After the construction of The Almendra Dam in Salamanca, the new Santillana Reservoir dam was a real milestone in Spanish engineering.
With a height of 40 metres, it collects the entire flow of the Manzanares River and allows accumulating twice the volume of water of the old dam, i.e. from 47.6 Hm3 collected by the previous one to 91.2 Hm3 by the new. But this fact, beyond the increase in supply capacity it provided, caused the old dam to be flooded almost in its entirety.
The first dam of the Santillana Reservoir, the one that created it and gives it its name, was not only a masterpiece in terms of the engineering knowledge of the time, but it was also conceived as an artistic monument which, today, and despite not being fully visible, still is a symbol of our municipality.
From a technical point of view, it was one of the first dams in Spain to be designed using Sazilly’s method, which improved the rational mechanics used to date and resolved perfectly the calculations needed to prevent the foundations from sliding, withstand the pressures and create a dam profile that it called of ‘equal resistance’. It is true that Sazilly conceived this method with stepped walls, which facilitated the calculation of pressure and resistance, but the engineers chose to soften the shape of our dam as Delocre did for the Furens Dam at Goufre d’Enfer. In addition, and to increase its resistance to the thrust of the water, they built its walls in two curved arches which they closed in the centre with the intake tower.

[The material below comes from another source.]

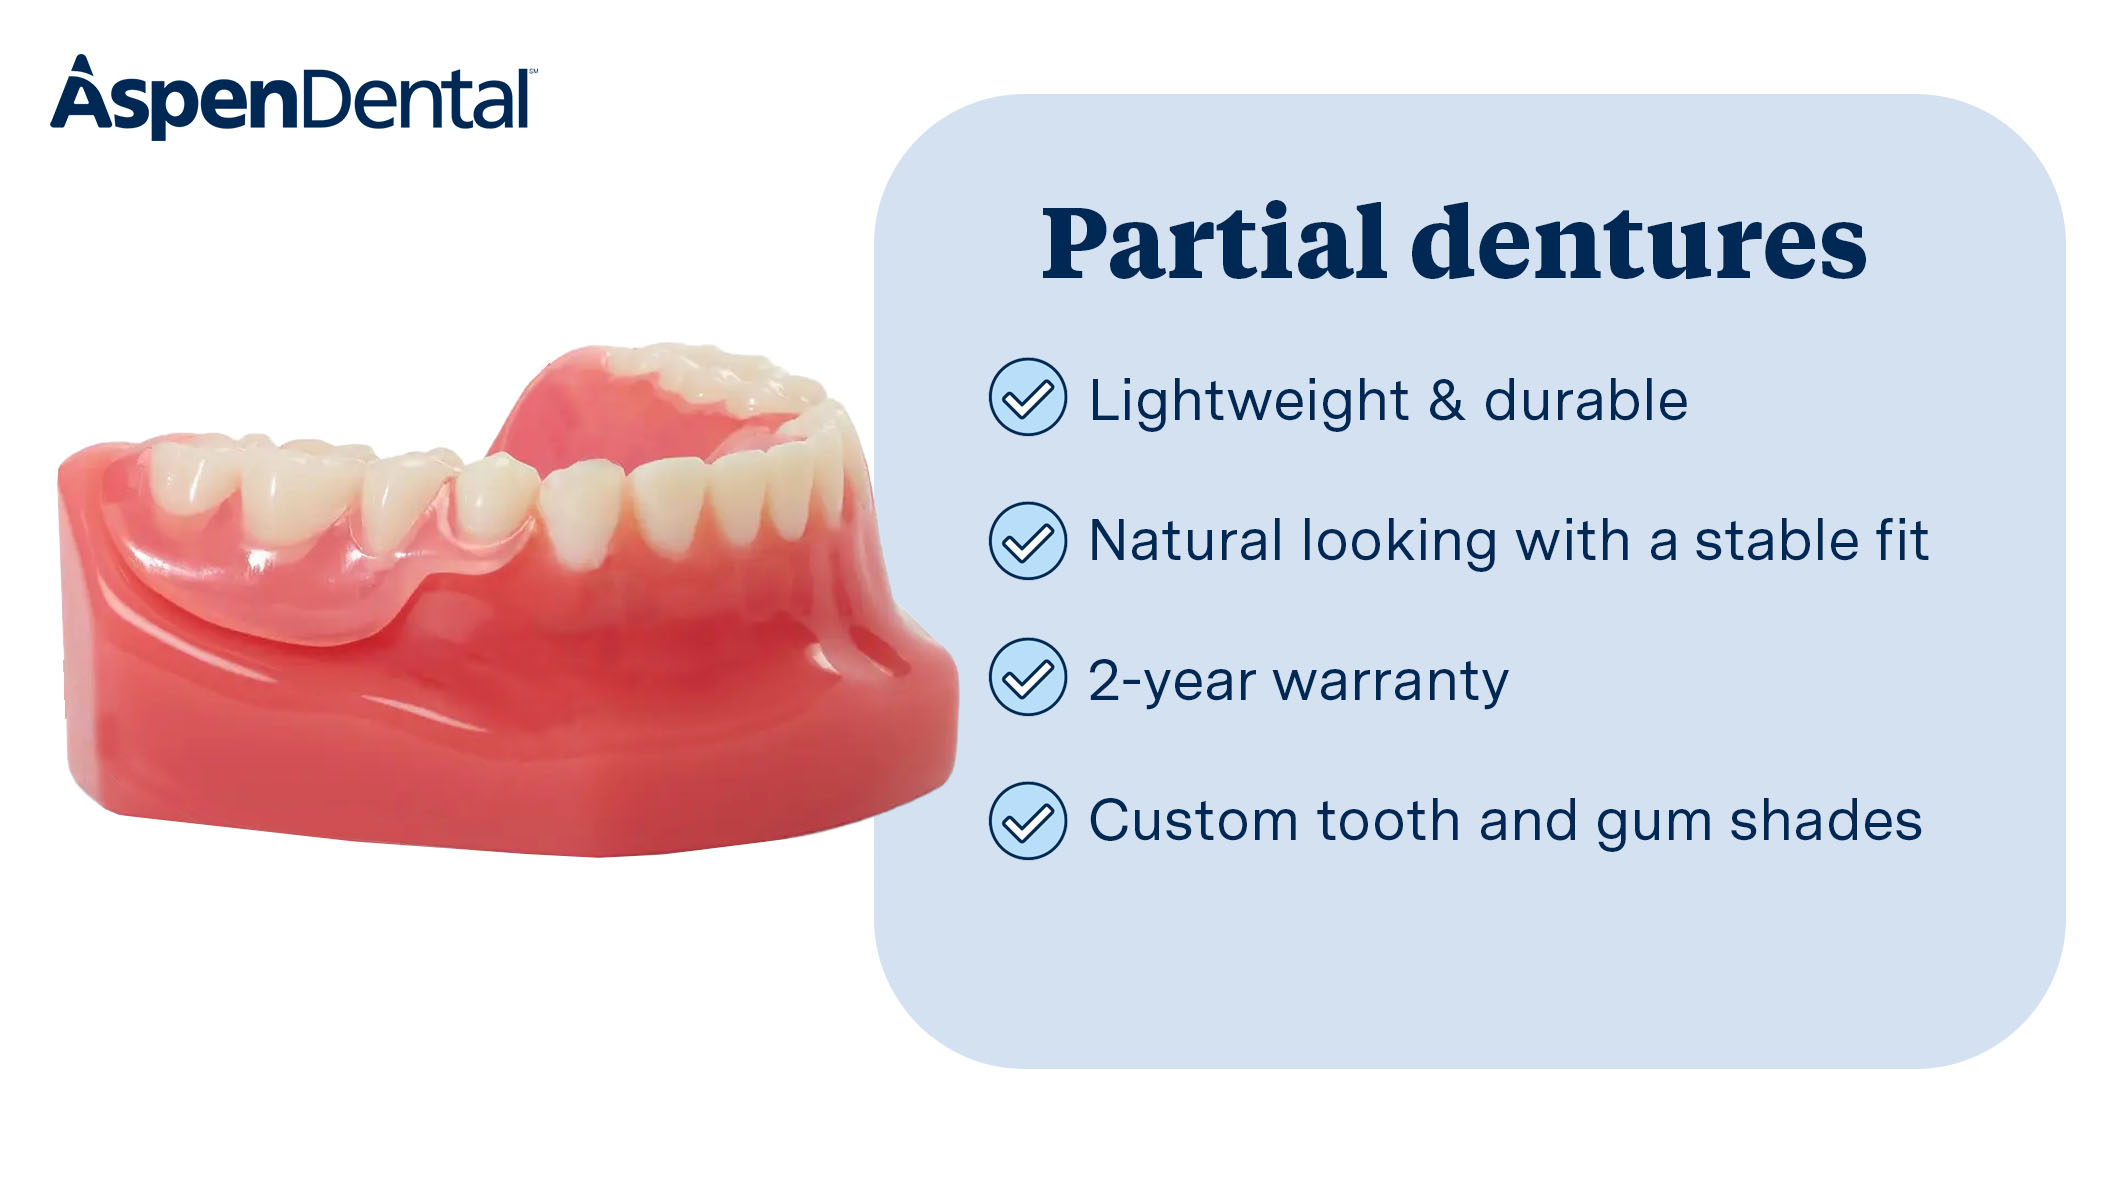 Restore your smile with our customizable partial dentures. Lightweight, durable, natural-looking, an Aspen Dental - Ashtabula, OH Ashtabula (440)969-1247

Beyond these technical aspects, so important in their time, the Renaissance aesthetics of this work stands out at first sight, transforming it into an artistic and cultural monument, since the whole complex was designed to be in harmony with the New Castle of the Mendoza family, inherited and owned by the Duke himself.
Like the castle, the dam was made of perfectly carved granite masonry, its walls were decorated and crowned with battlements in the barbican style; the gate on the left bank reproduces the entrance gate with the machicolations of the fortress and the intake tower, as well as reproducing this same gate at its base, rises in the same way as the octagonal keep.

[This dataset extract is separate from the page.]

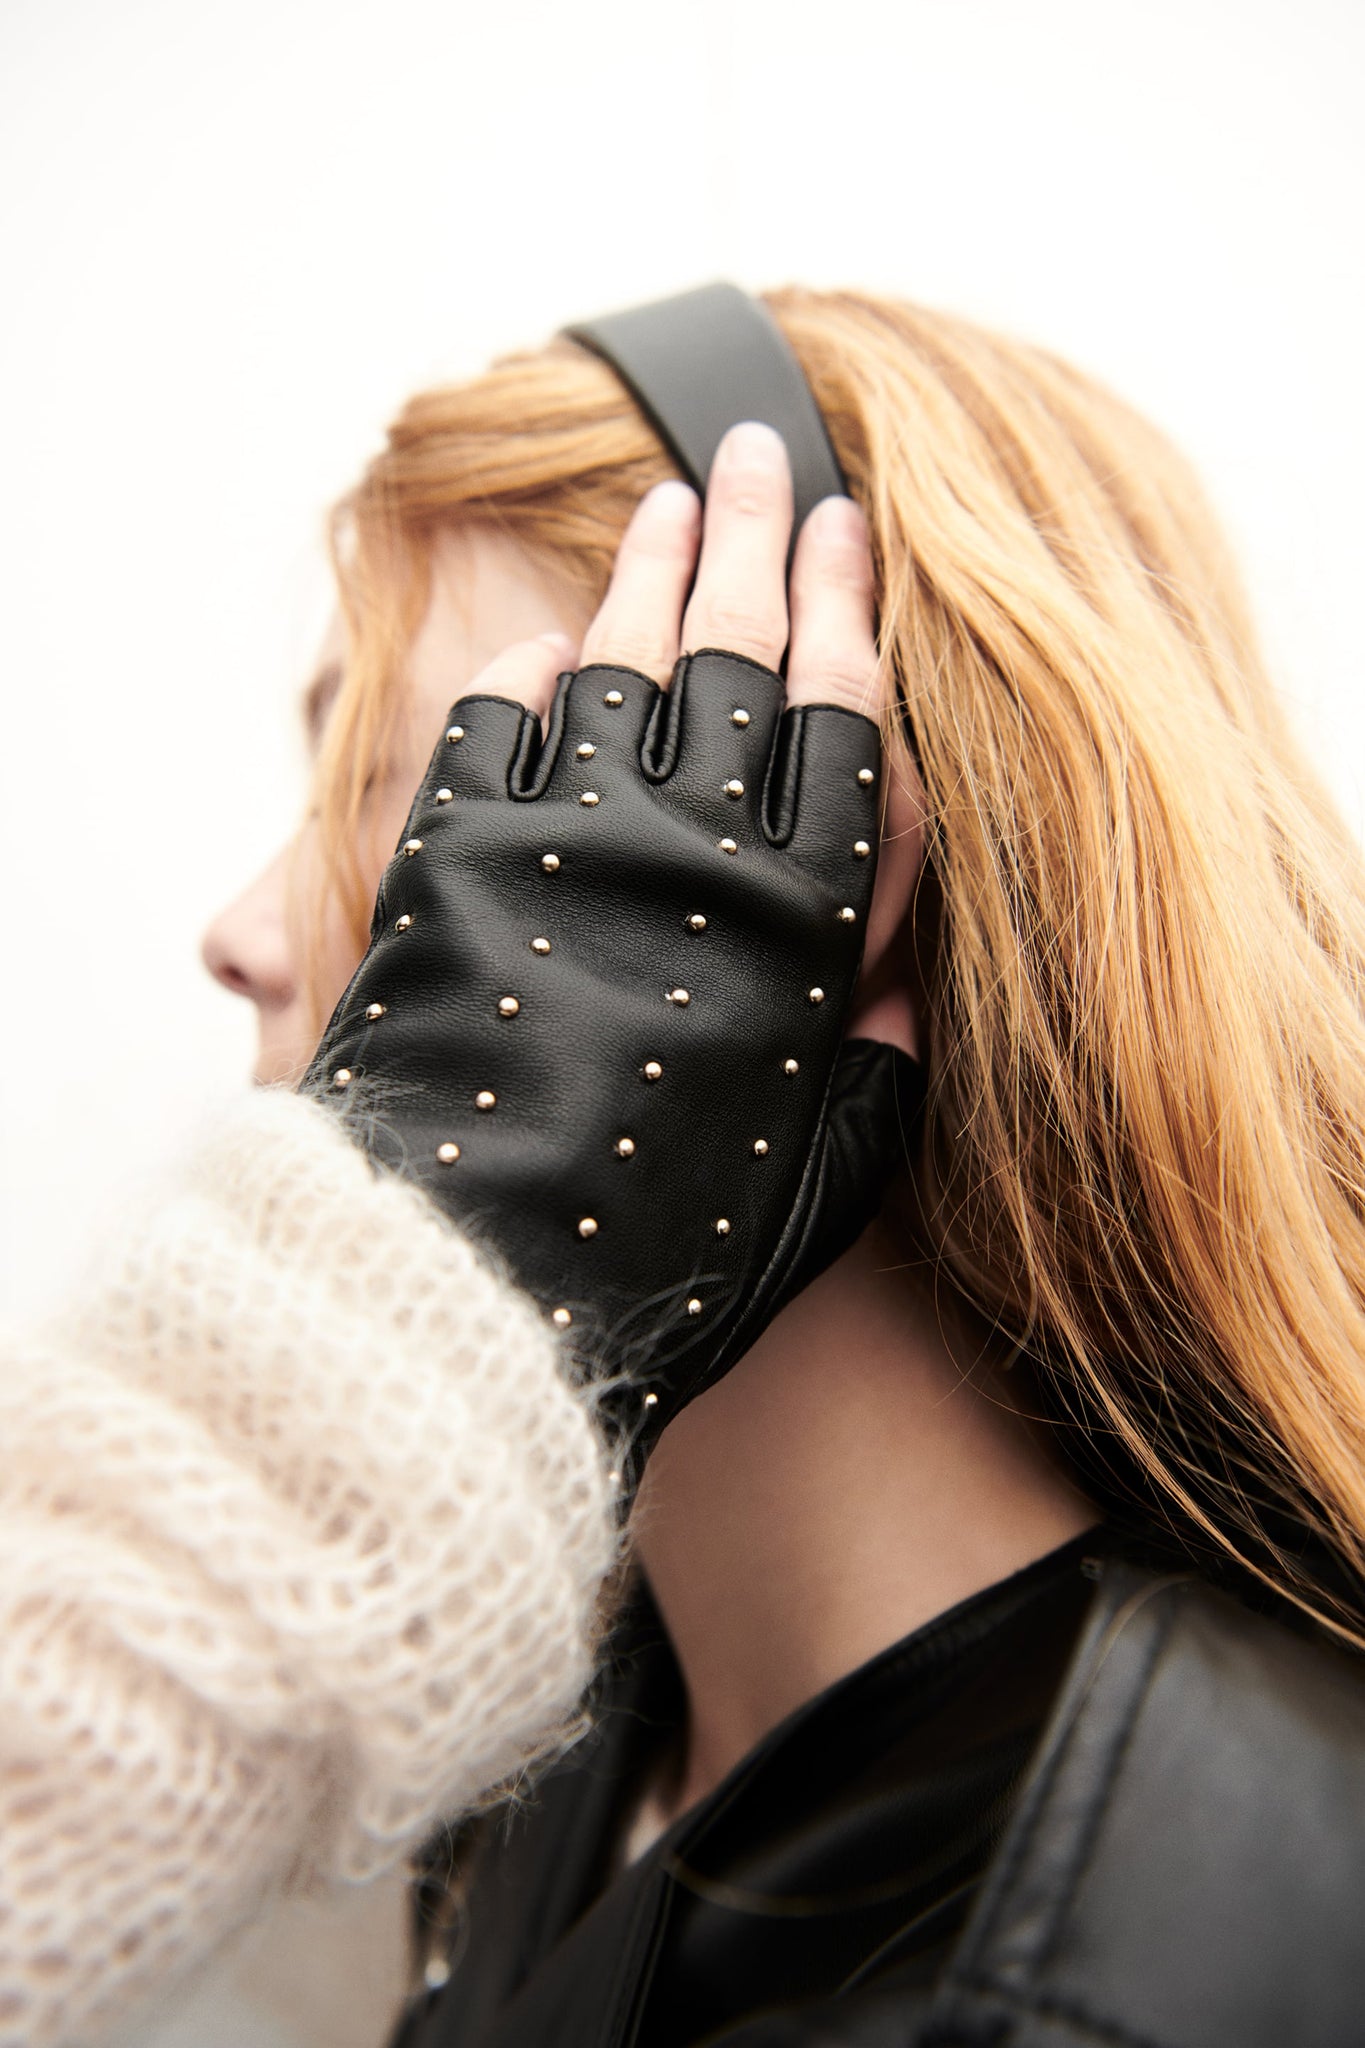 Functional Yet Fashionable: Gloves, Scarves, and More

In their eagerness to reproduce the fortified forms they respected the arrow slits, the stone muqarnas cornices, the crenellated crown and even the characteristic balls of the Isabelline Gothic style so typical of the 15th and 16th centuries. However, the highest part of the intake tower is particularly noteworthy, where the closed gallery is inspired by the same one that Juan Guas designed for the New Castle, as an example of the Toledan Gothic style that he himself established in Toledo Cathedral and in the Infantado Palace in Guadalajara.
Finally, we cannot fail to mention the coat of arms of the Mendoza lineage engraved in the centre of the main tower, whose aim was to give account, to anyone who approached it, of the owner of the reservoir and its territory.